Восточный ветер - Абдуллаев Чингиз Акиф оглы 6 стр.


Она настояла, чтобы он не приезжал за ней в Шереметьево. Ее обычно встречал водитель, который работал в офисе Элины в Москве. Он и привозил ее сразу на квартиру Караева. Она появилась в девятом часу вечера, одетая в темный брючный костюм. В руках она держала небольшой саквояж. Поцеловав Тимура, она прошла в комнату, чтобы переодеться и привести себя в порядок. Через некоторое время Элина вышла уже в легком сарафане, который она привезла с собой. Пройдя в ванную комнату, она крикнула Тимуру:

— Кажется, мне нужно перевести к тебе весь гардероб. Мне надоело каждый раз носить с собой свою одежду. Как ты считаешь? — Элина вышла из ванной. — Или тебе нравится смотреть, как я таскаю эти сумки и саквояжи?

— Ужасно нравится, — скрывая улыбку, пробормотал Караев. — Ты будешь ужинать?

— Нет, я успела поесть в аэропорту, пока мы ждали самолет. Между прочим, я опоздала на целый час, а тебя, похоже, это не волнует.

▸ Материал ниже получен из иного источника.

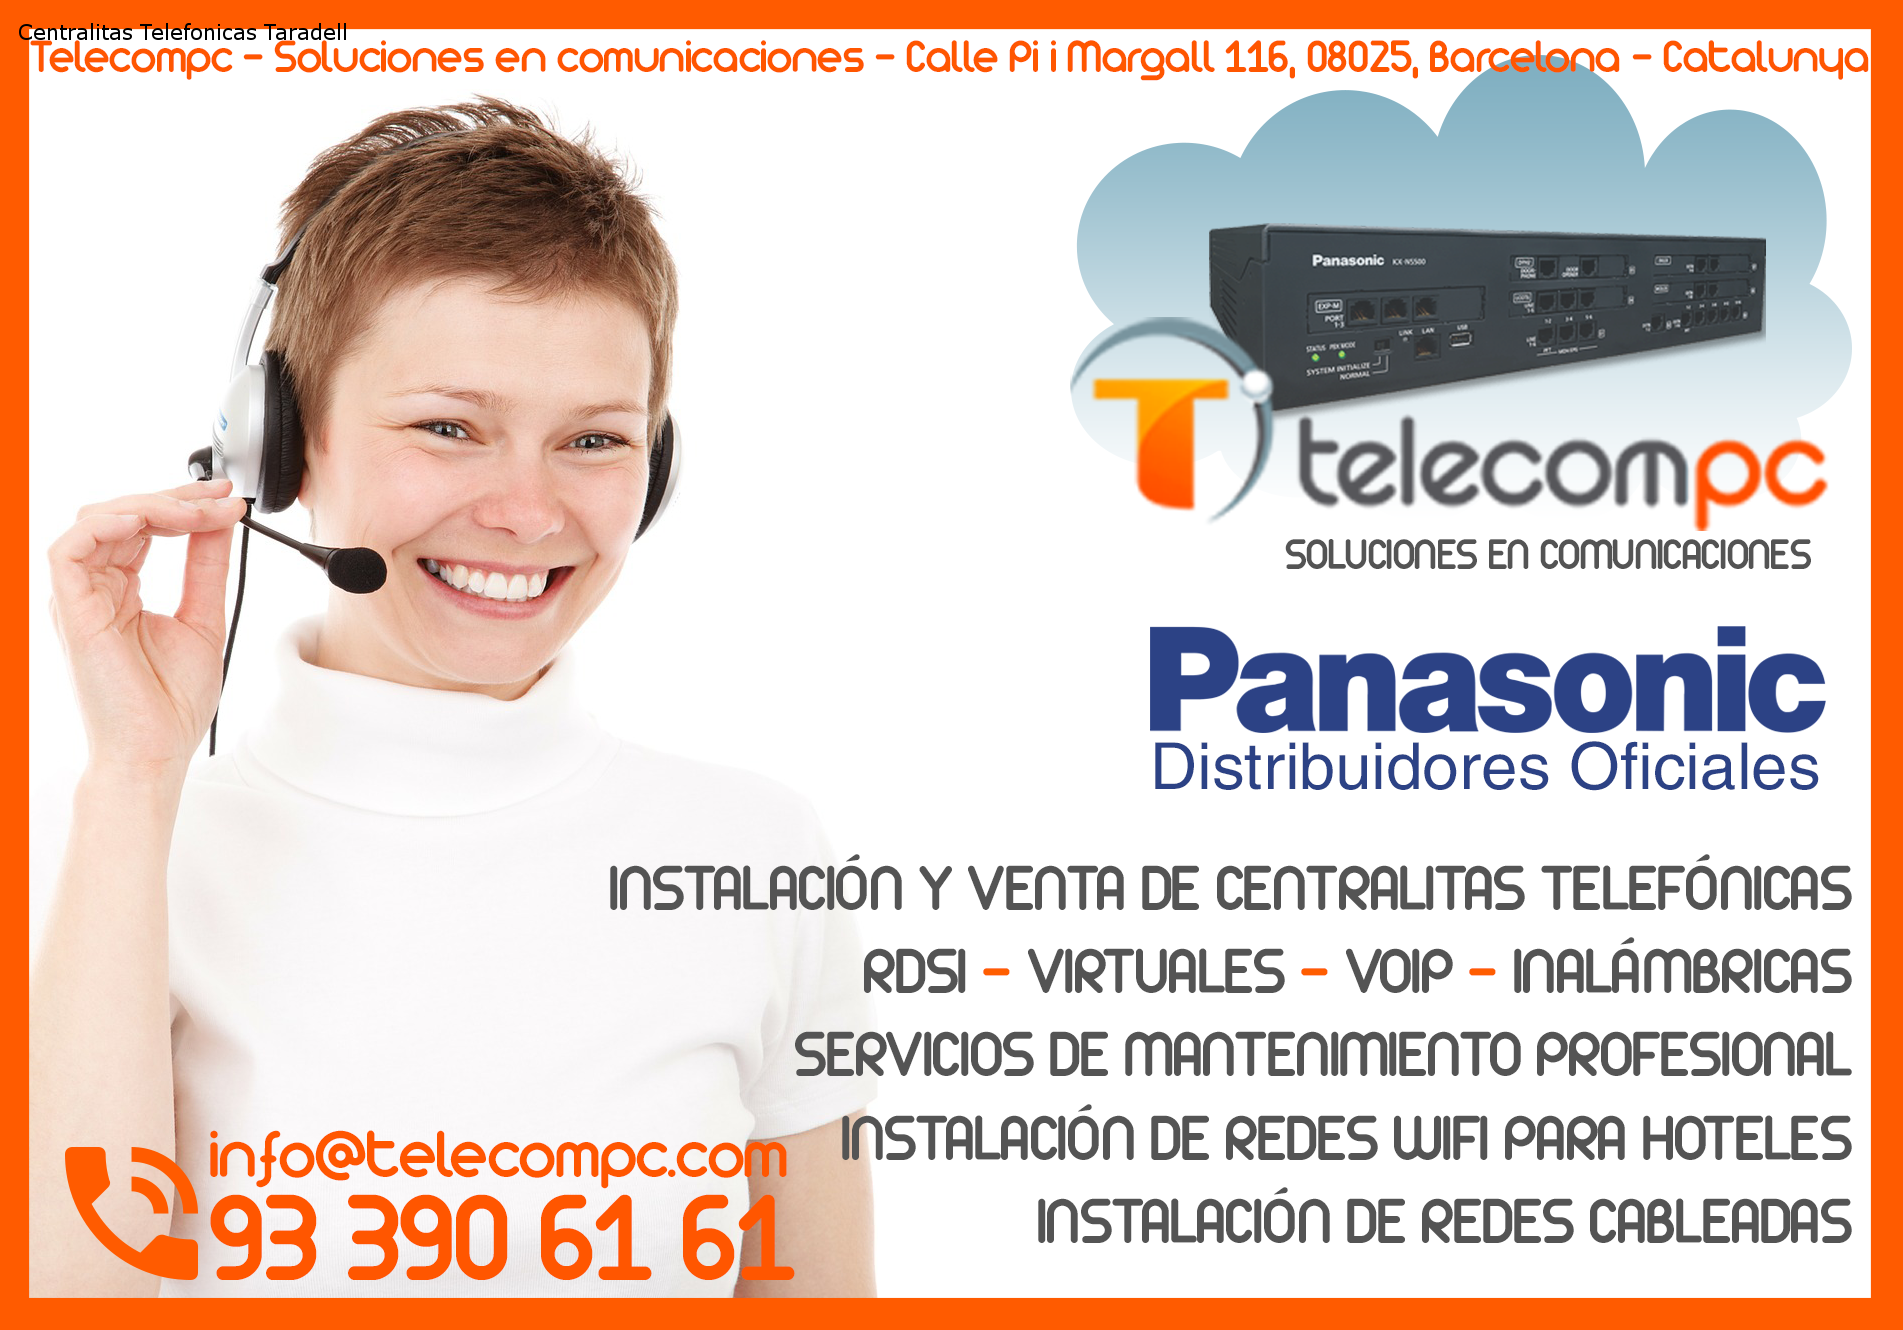 Centralitas Telefonicas Taradell

— Между прочим, я звонил каждые десять минут твоему водителю, — пробормотал Тимур, — и он мне сообщал последние новости.

— Верно, — она поцеловала его в щеку, — он мне об этом сказал.

Элина прошла в гостиную и села на диван. Тимур вошел следом и прислонился к дверному косяку.

— Как твой сын? — поинтересовался он.

— Гораздо лучше, — кивнула она, — надеюсь, что скоро он поправится окончательно.

— Нужно привезти его в Москву и поселить у меня, — предложил Тимур, — я знаю, как его нужно лечить. У нас в Баку есть для этого универсальное средство. Мы его здесь сразу вылечим.

— Интересно, каким образом?

— Наш хаш. Это такое блюдо, которое готовят из коровьих ляжек.

— Какая гадость, — поморщилась Элина, — и ты хочешь кормить таким блюдом моего сына.

— Я тебе о нем уже рассказывал. Ты просто забыла. Его едят мужчины по утрам, чтобы опохмелиться и набраться новых сил. Это блюдо готовится всю ночь, и жидкость становится такой густой, что она должна склеивать зубы. Плюс консистенция из мяса и разваренных костей. Считается, что такое блюдо ускоряет заживление собственных костей в несколько раз быстрее, чем обычно. В него добавляют ложку уксуса, ложку размолотого чеснока, перец и соль.

— Дикая смесь, — скрывая улыбку, заявила Элина, — и это можно есть?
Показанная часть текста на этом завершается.